Два часа подряд Эстрелья не переставала говорить и плакать. Она никому и никогда не открывала так душу. Она давно похоронила свое прошлое, заставив себя не вспоминать о нем, и полагала, что справилась с этим, потому что никому ни о чем не рассказывала. Но ее боль была свежа, будто недавно политый цветок. Она до сих пор не освободилась от бывшего мужа, хотя он давно исчез из ее жизни — влюбился в девчушку моложе его лет на двадцать. В сердце Эстрельи осталась незаживающая рана.

Мир был враждебен к ней. Исключение составляли лишь бедняки и изгои общества, всеми покинутые и брошенные. Этих людей она считала ниже себя и чувствовала себя рядом с ними сильной и уверенной. Чем-то вроде всемогущей спасительницы. Именно это и стало причиной (хотя сама она этого не сознавала) создания благотворительного фонда — работая в нем, Эстрелья защищалась от своих несчастий, окружая себя несчастьями чужими.

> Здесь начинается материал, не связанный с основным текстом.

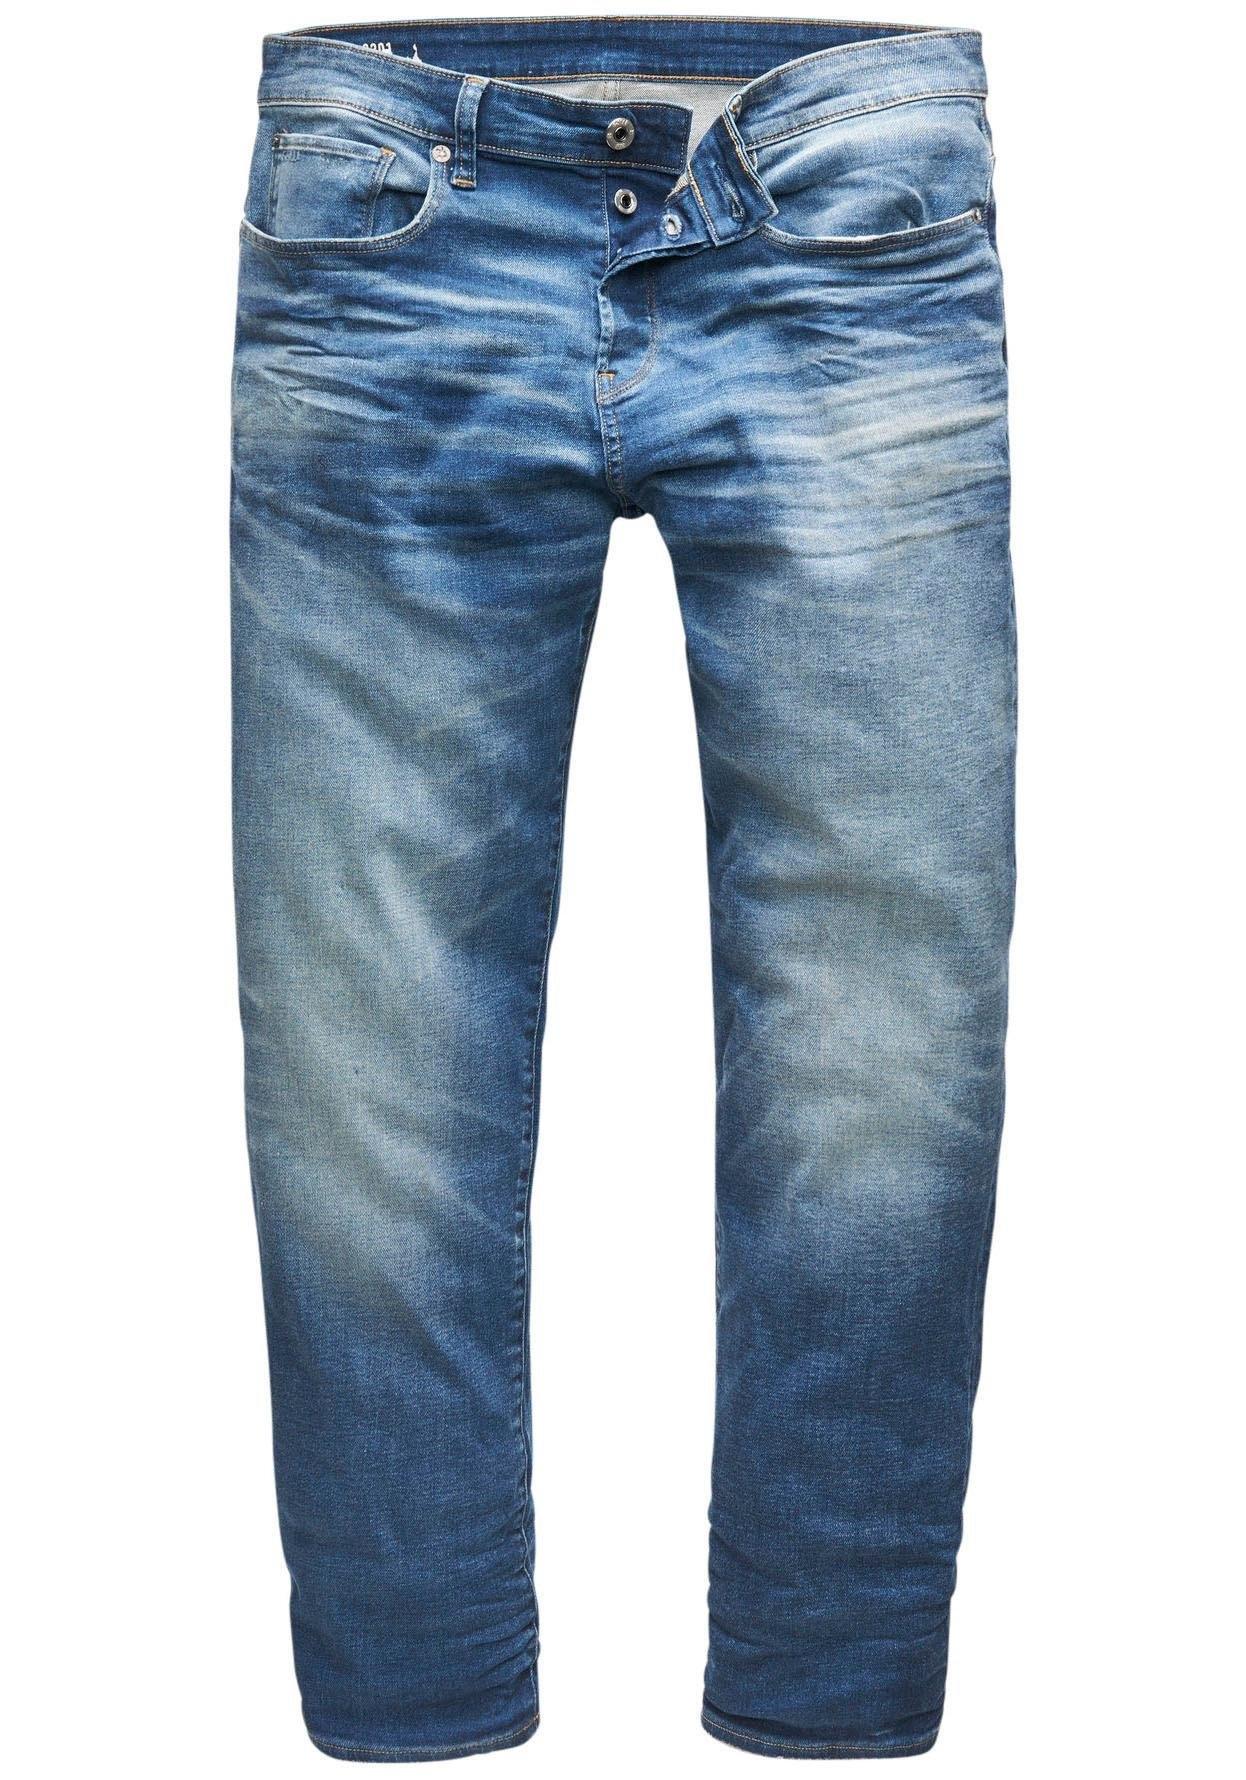 G-star Raw stretch jeans »3301 Loose« goedkoop op otto.nl kopen

Фьямма посмотрела на часы — время давно вышло. Она постепенно составляла себе картину случившегося с пациенткой. На первом приеме всегда происходило одно и то же: Фьямма лишь слушала и делала выводы. Она даже могла точно сказать, в какой момент пациентка получила повлиявшую на всю ее дальнейшую жизнь душевную травму — достаточно было внимательно слушать, каким тоном она говорит. Чаще всего это были самые интимные истории и очень редко — врожденные или наследственные пороки. В случае с Эстрельей единственным человеком, который мог ей помочь, была она сама. От Фьяммы требовалось лишь разделить с ней ее прошлое, но ключ к исцелению был в руках самой Эстрельи.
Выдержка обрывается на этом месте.